Diameter | The distance across the circle, passing through the center. It is twice the length of the radius. (d=2r) |

Arc | A part of the circle’s edge or circumference. It is a curved line that is a section of the circle. |

Sector | A “slice” of the circle, like a piece of pie. It is the area between two radii and the arc connecting them. |

Chord | A straight line connecting two points on the circle’s edge. Unlike the diameter, it does not have to pass through the center. |

Tangent | A straight line that touches the circle at exactly one point. It is perpendicular to the radius at the point of contact. |

Secant | A straight line that intersects the circle at two points.
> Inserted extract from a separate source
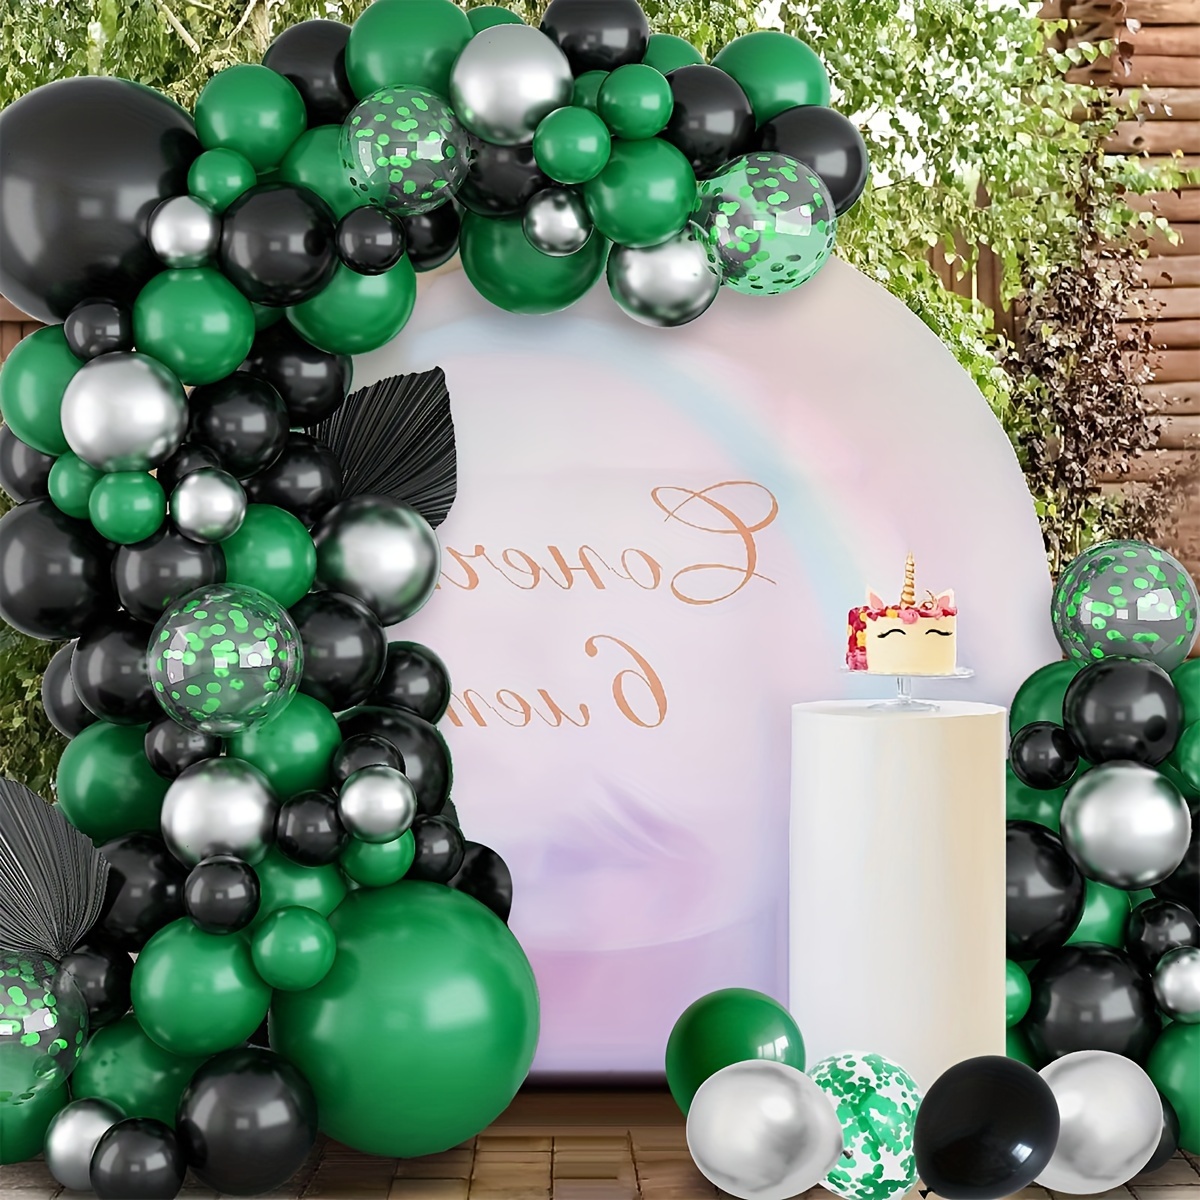 Kit de decoración para fiesta de ducha bohemia de 140 piezas: globos retro  verde salvia, blanco y dorado metálico, confeti verde macarrón y más.

It cuts through the circle, unlike the tangent that just touches it. |

## What is a Circle?

A circle is a simple closed curve in which all points are equidistant from a fixed central point. This fixed point is called the center of the circle, and the distance from the center to any point on the circle is known as the radius. The circle is a fundamental geometric shape characterized by its symmetry and uniformity.

Mathematically, a circle can be described by the equation ((x – h)² + (y – k)² = r²), where (h, k) are the coordinates of the center, and ( r ) is the radius. Circles are widely studied in geometry due to their unique properties and their appearance in various natural and man-made structures.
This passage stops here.